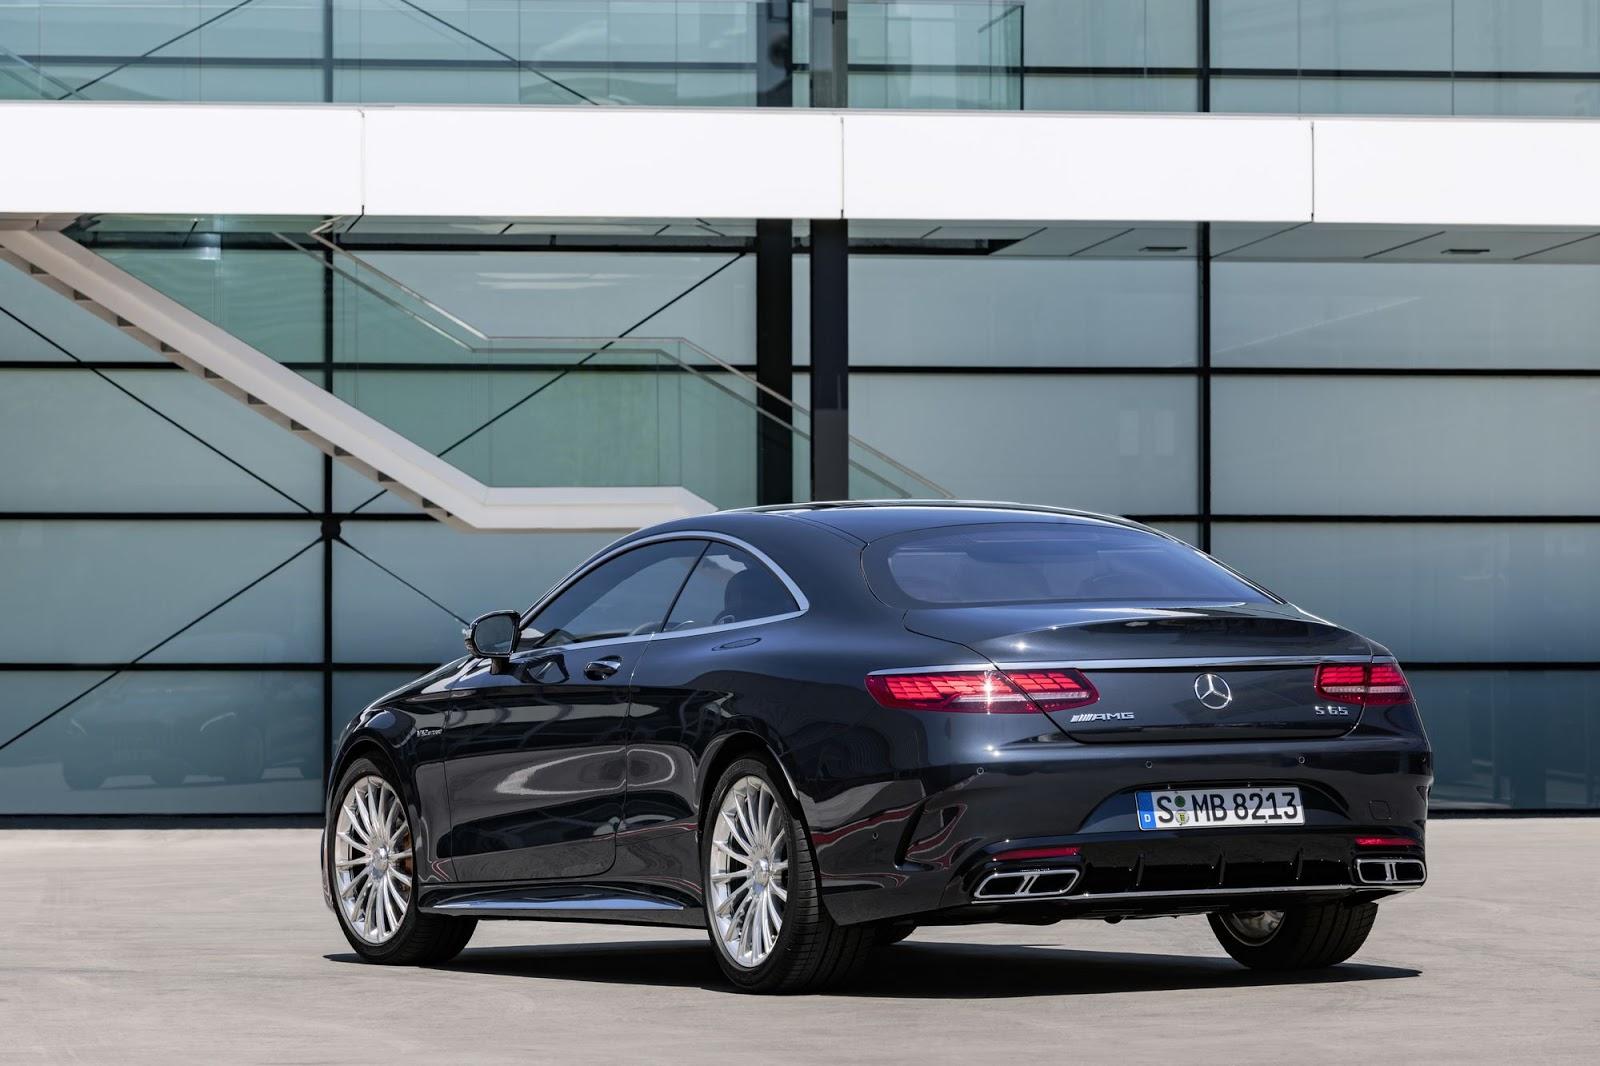 Mercedes-AMG S 65 Coupé, 2017. Exterieur: anthrazitblau metallic;Kraftstoffverbrauch kombiniert: 11,9 l/100 km; CO2-Emissionen kombiniert: 279 g/km*Mercedes-AMG S 65 Coupé, 2017. Exterior: anthracite blue metallic;Fuel consumption combined: 11.9 l/100 km; CO2 emissions combined: 279 g/km*
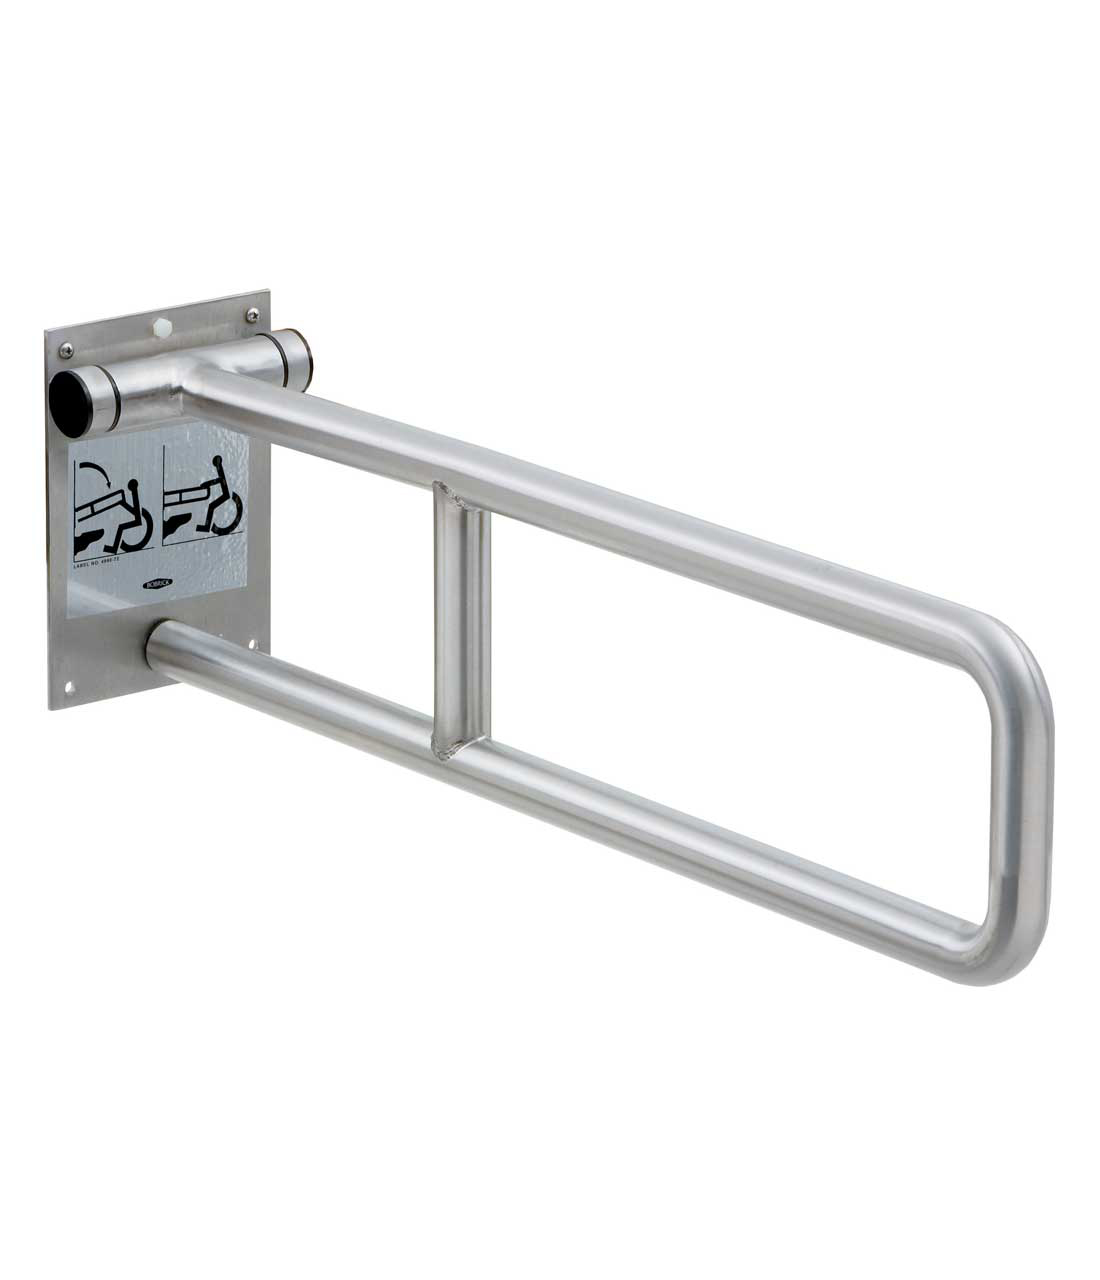 Bobrick B 4998 99 Swing Up Wall Mounted Grab Barbobrick B 4998 99 Grab Bar Swing Up
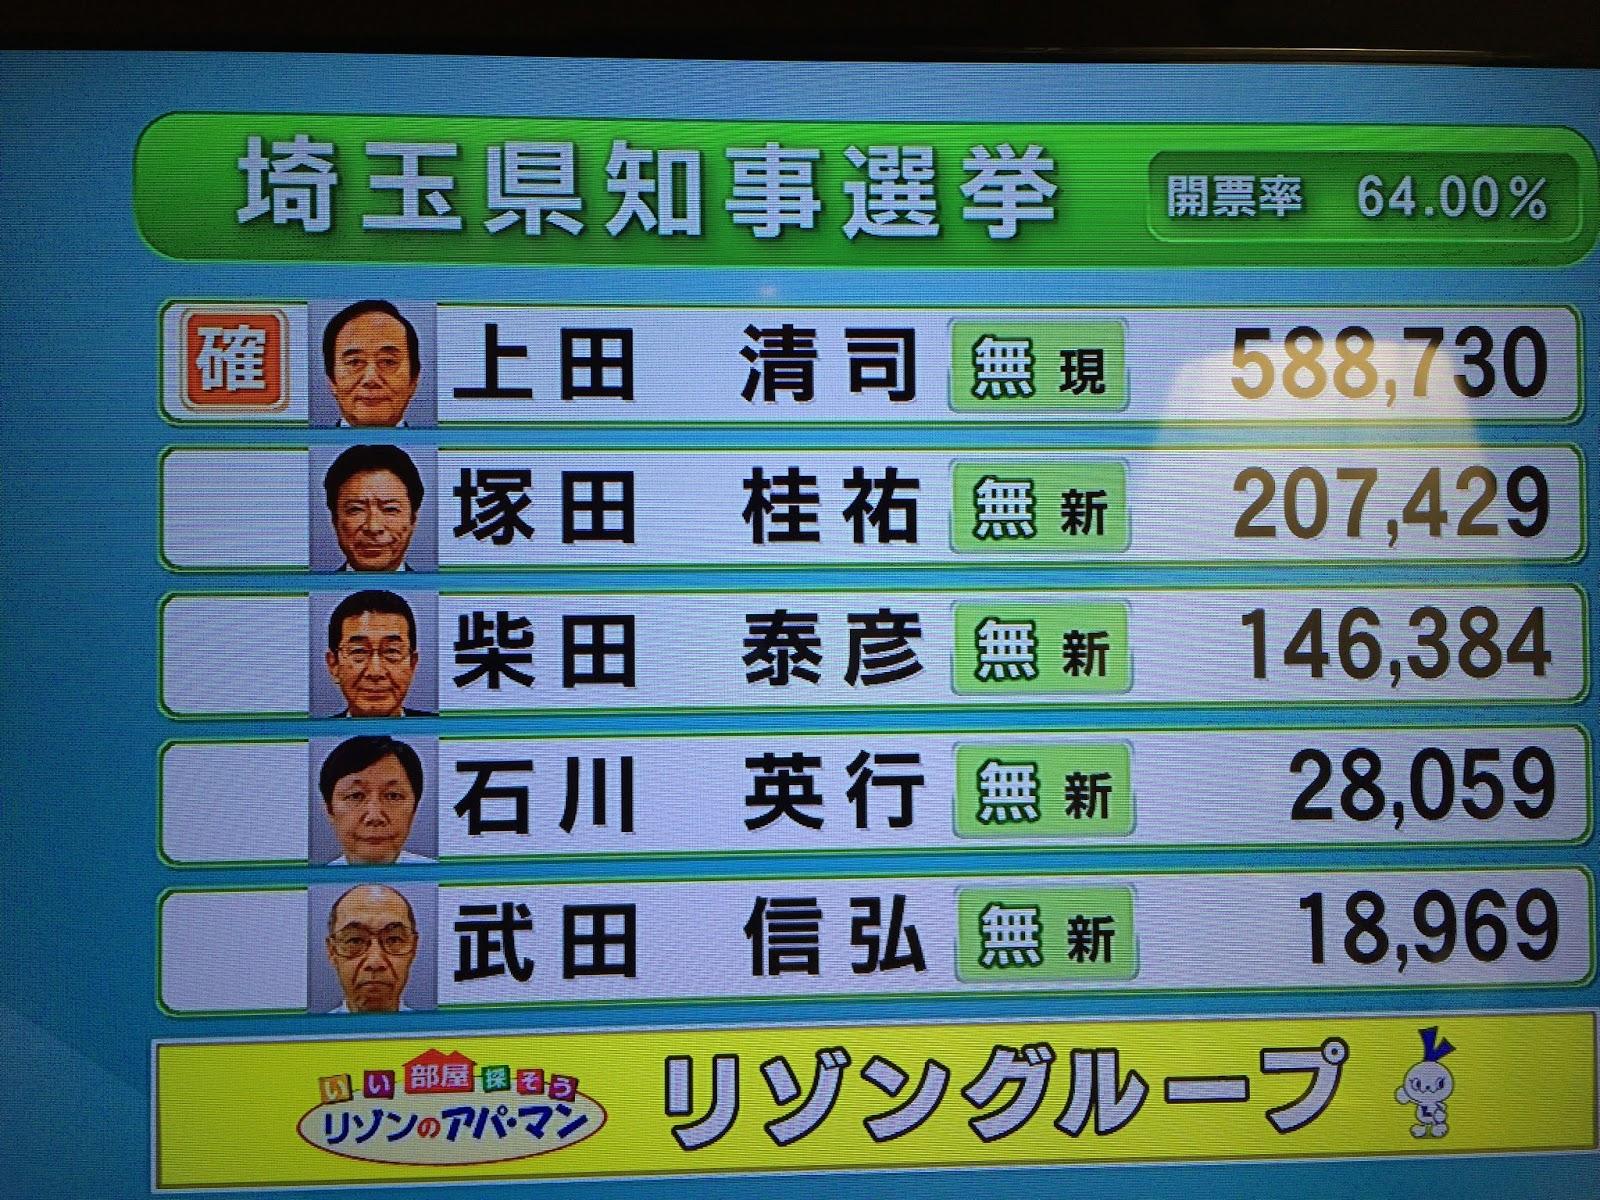 【埼玉県知事選挙 出口調査】上田清司当選確実(テレビ埼玉)投票率26・63%(+1・74)  - 選挙ジョッキー
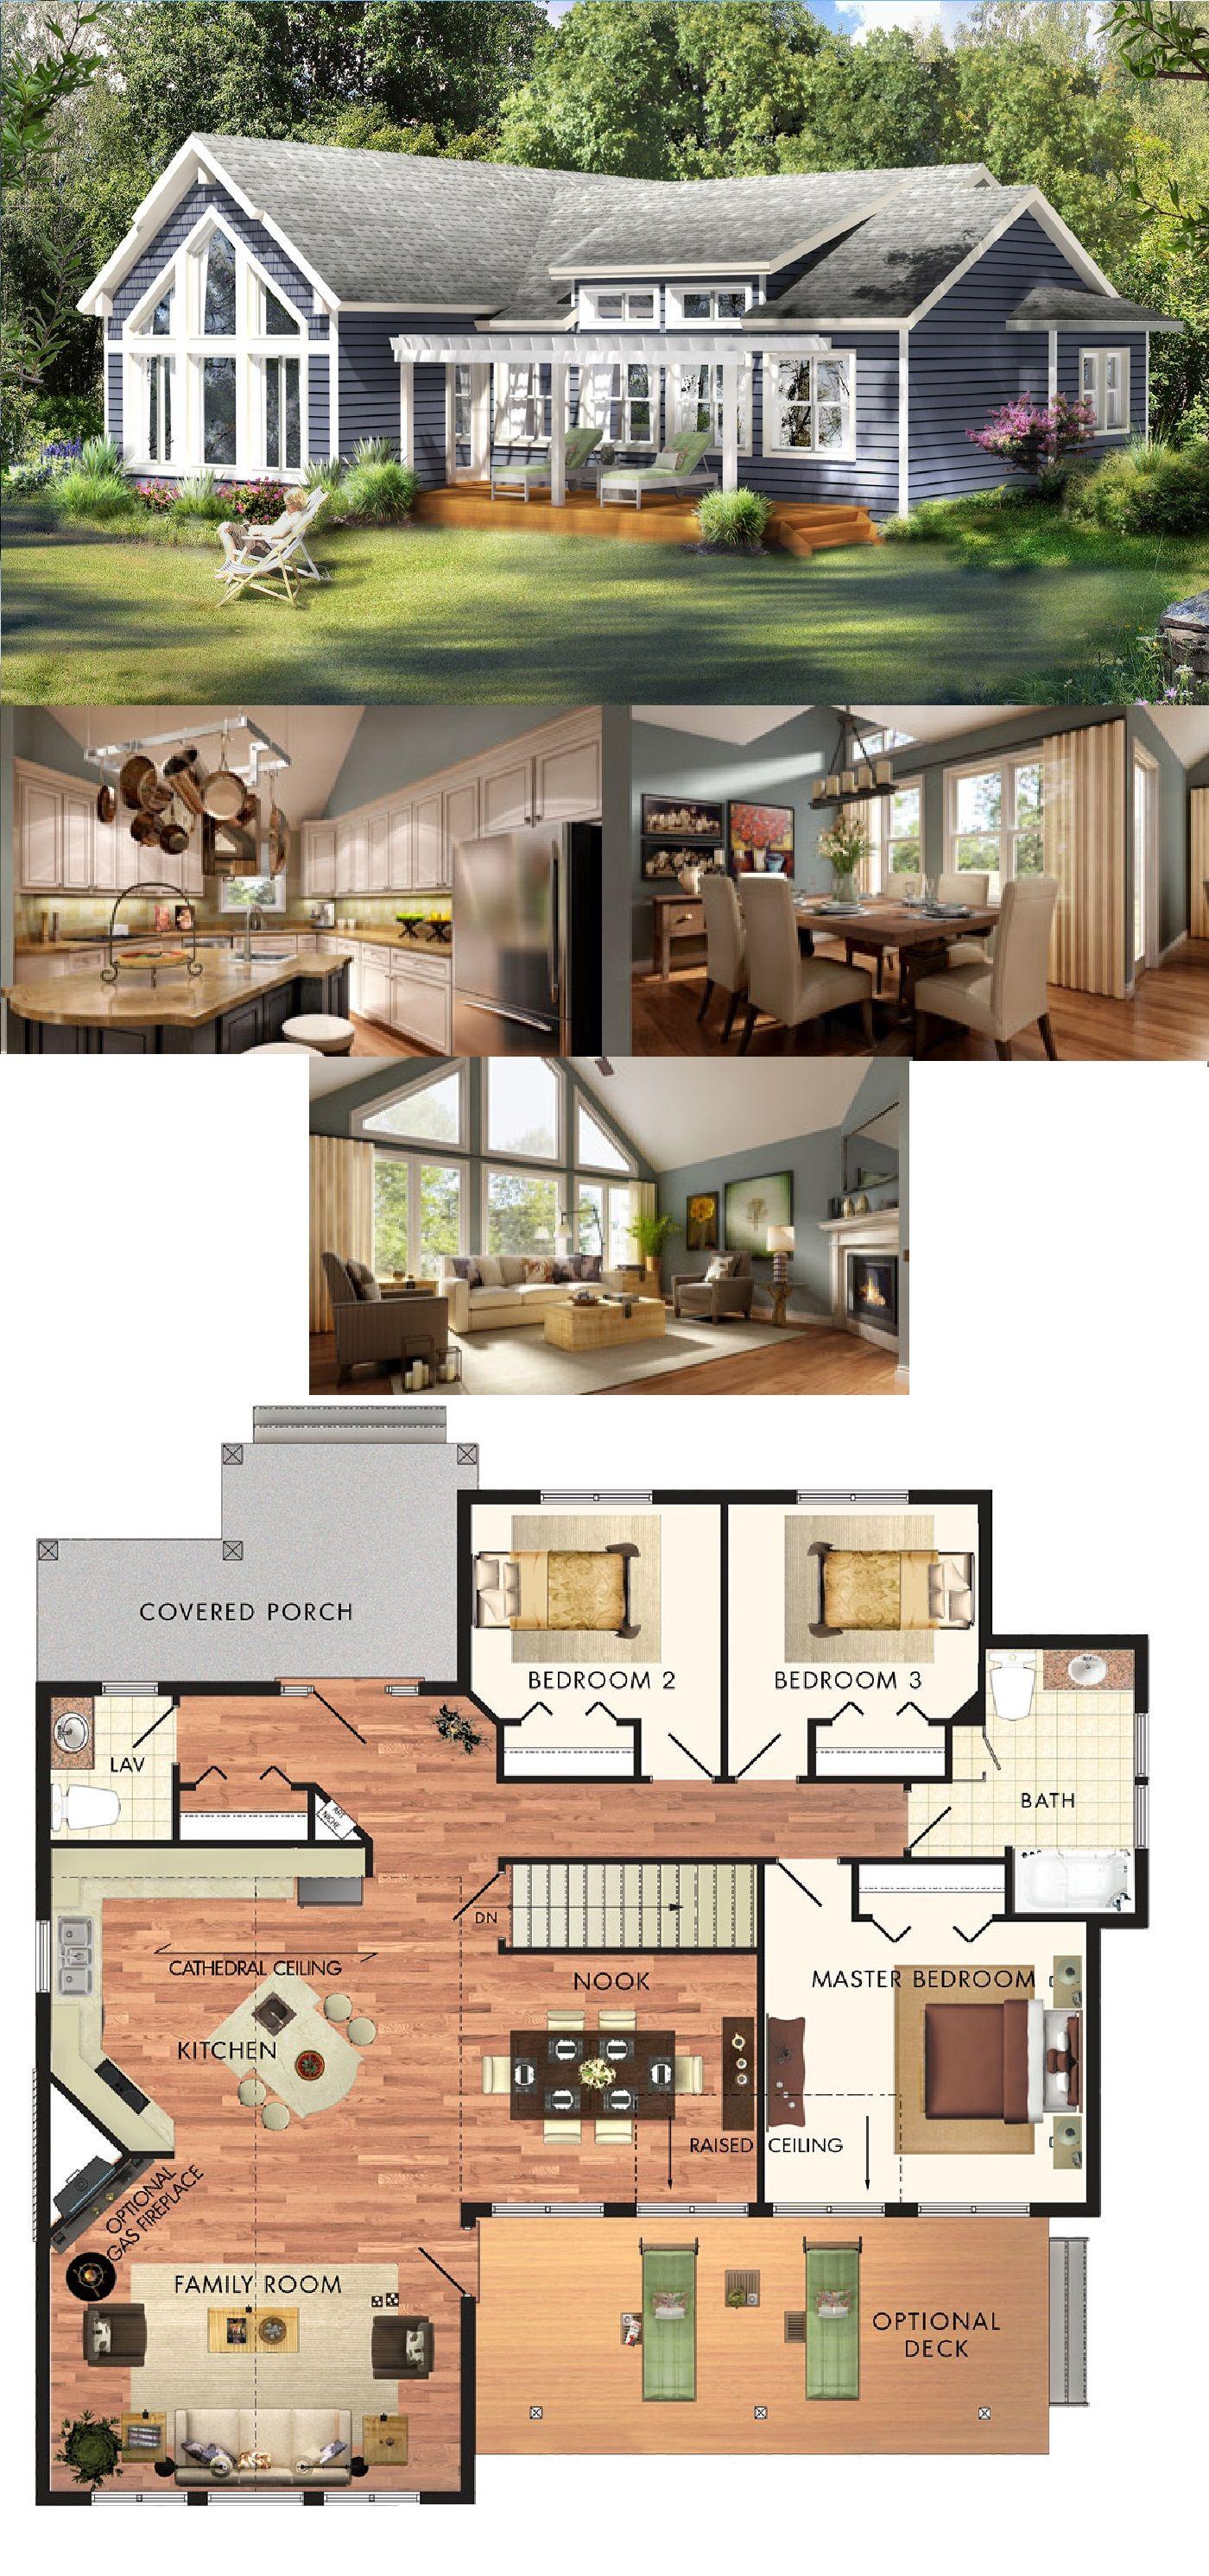 Beaver homes cottages aspen ii 1393 sq ft home for Beaver home designs

================

The lines from the one containing "Bobrick B 4998 99 Swing" up to and including the last line of the material above are to be given again exactly; any pictures are dropped.

TASK RESULT:
 Bobrick B 4998 99 Swing Up Wall Mounted Grab Barbobrick B 4998 99 Grab Bar Swing Up
 【埼玉県知事選挙 出口調査】上田清司当選確実(テレビ埼玉)投票率26・63%(+1・74)  - 選挙ジョッキー
 Beaver homes cottages aspen ii 1393 sq ft home for Beaver home designs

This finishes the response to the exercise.